What to do ▸ Type out the data exactly as given. Skip any image.

Data extract ▸
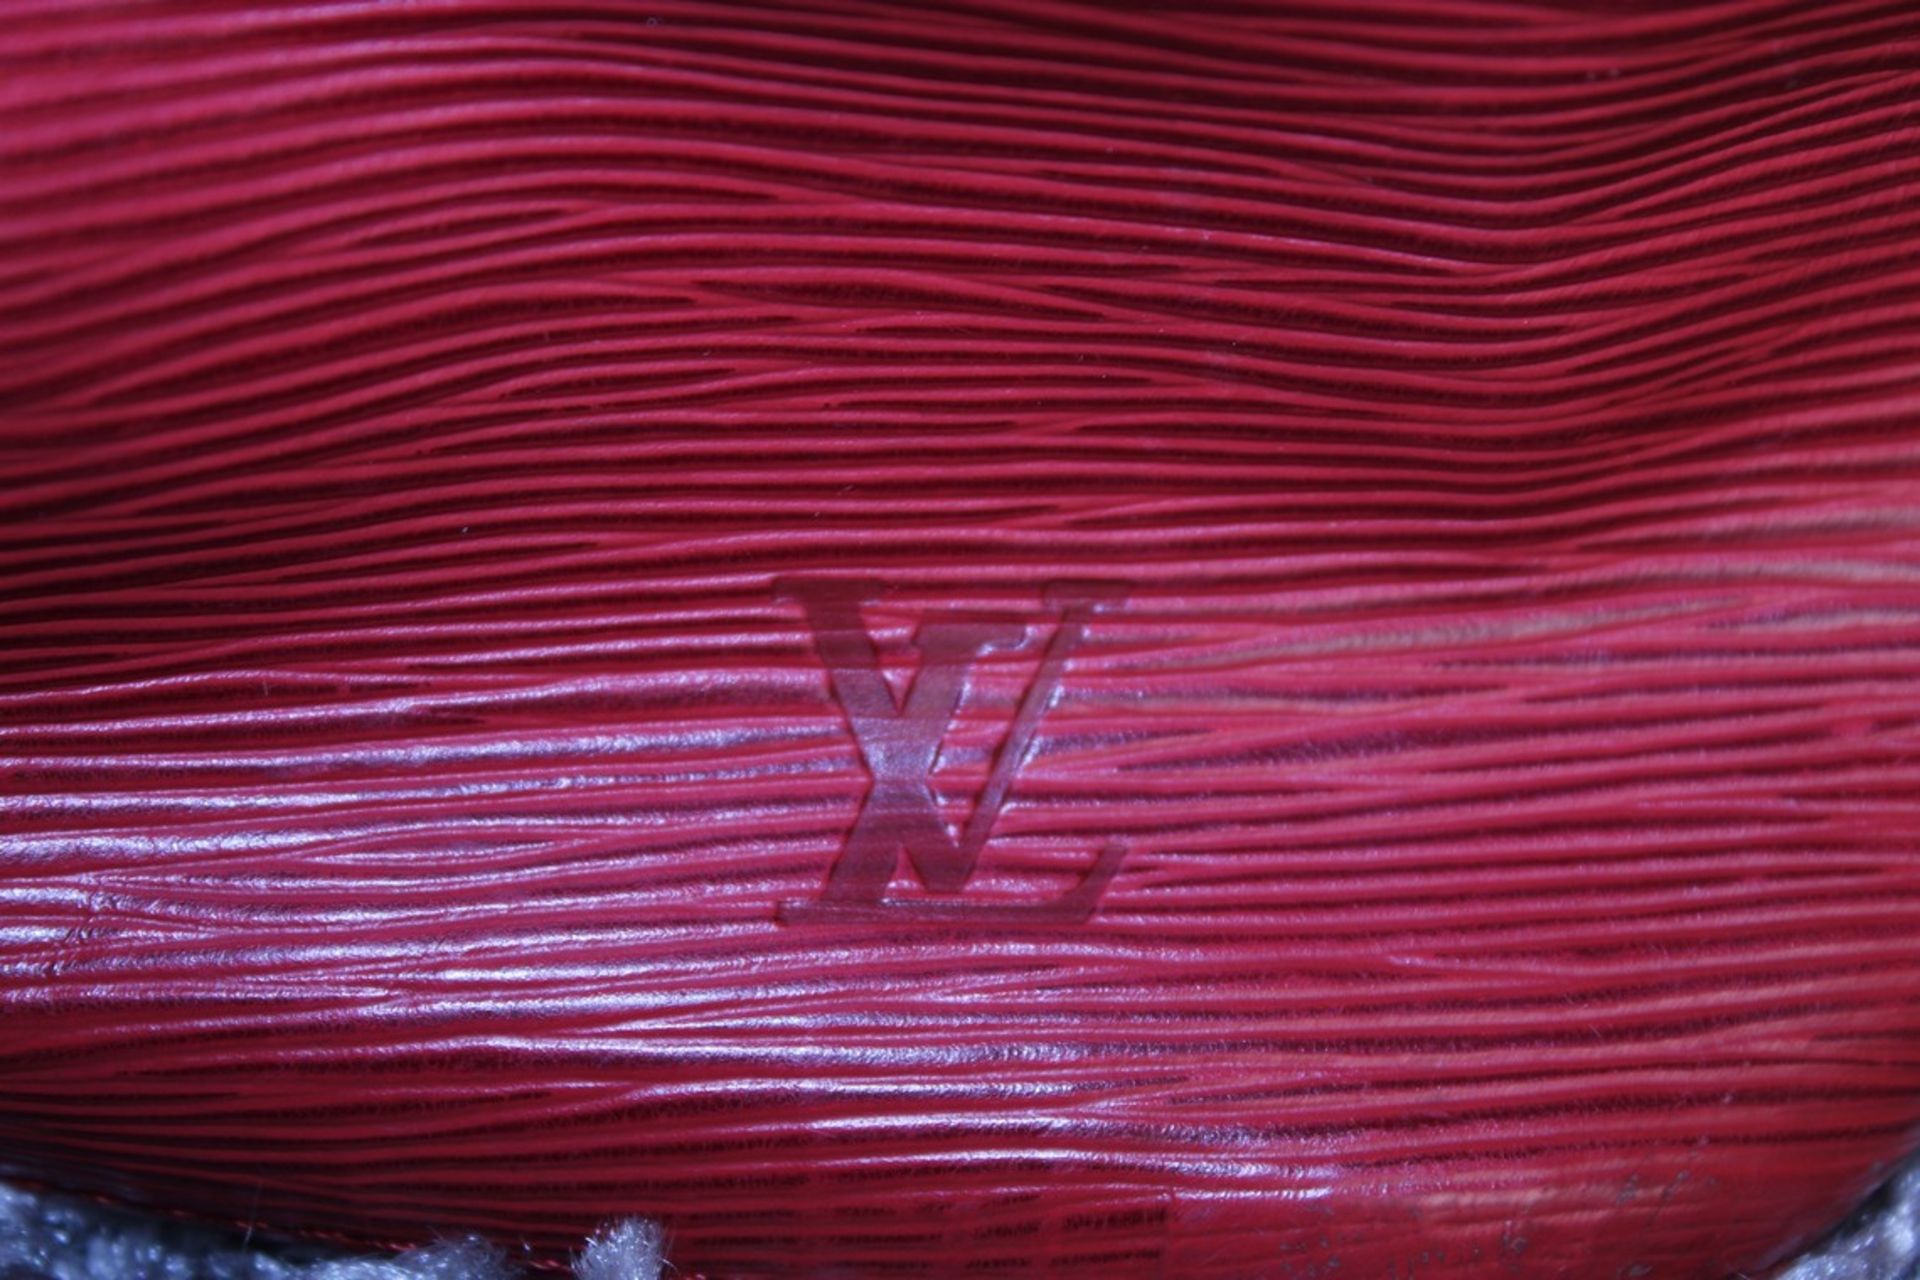 Rrp £925 Louis Vuitton Noe Shoulder Bag - Image 2 of 3
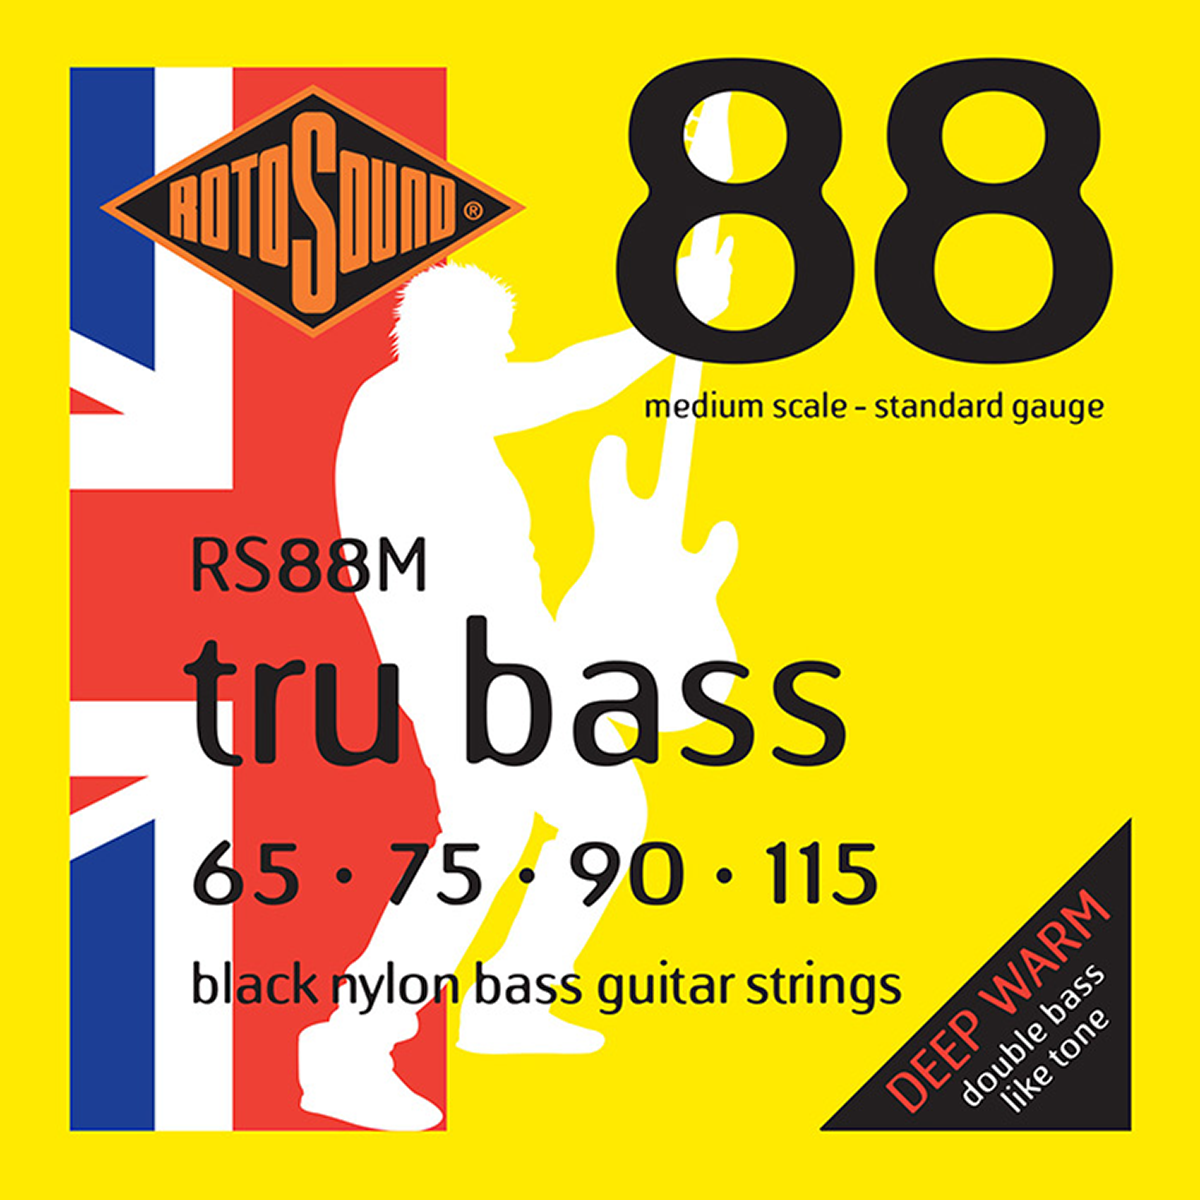 Rotosound RS88M Tru Bass 88 Black Nylon Tapewound Standard Gauge Bass String Set 65-115 | Medium Scale
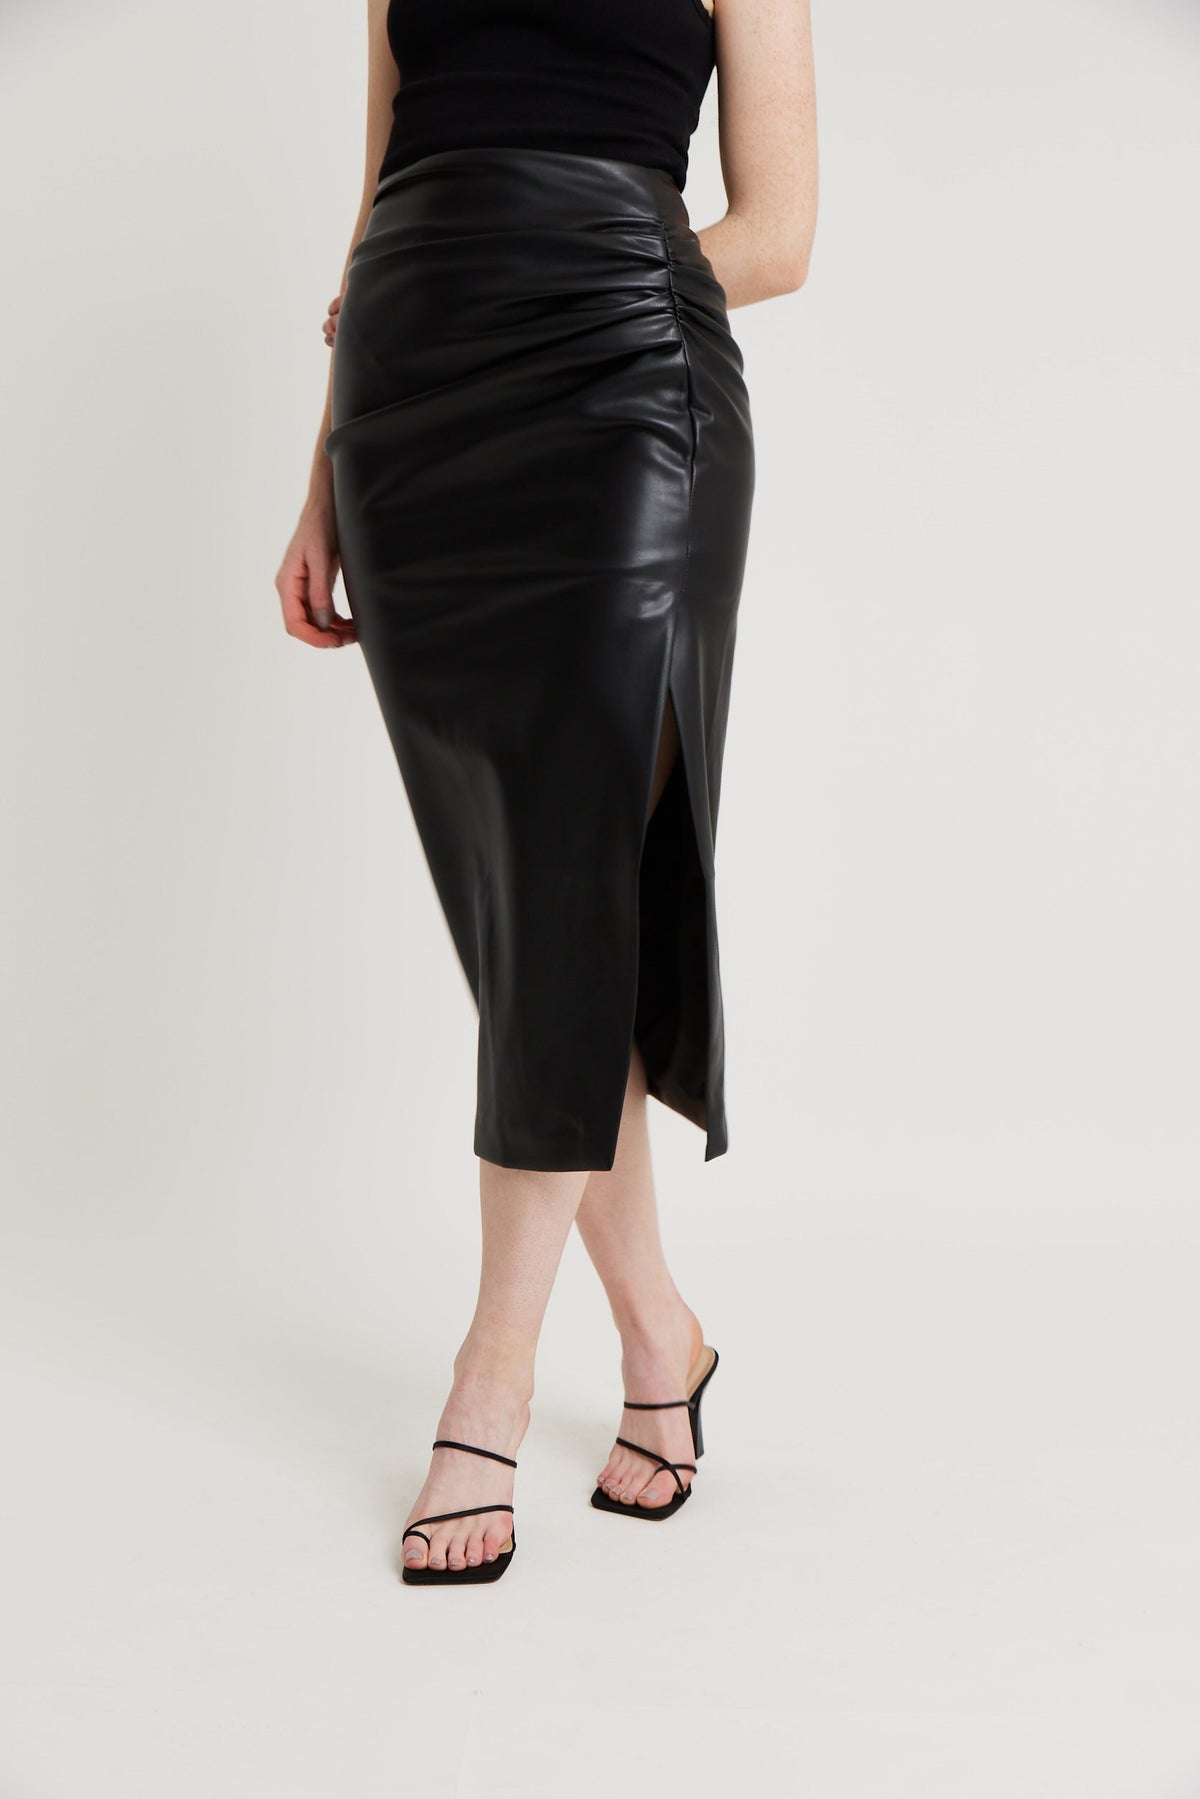 Ruched Leather Midi Skirt - Black

Response area ▸
 Rrp £925 Louis Vuitton Noe Shoulder Bag - Image 2 of 3
 Rotosound RS88M Tru Bass 88 Black Nylon Tapewound Standard Gauge Bass String Set 65-115 | Medium Scale
 Ruched Leather Midi Skirt - Black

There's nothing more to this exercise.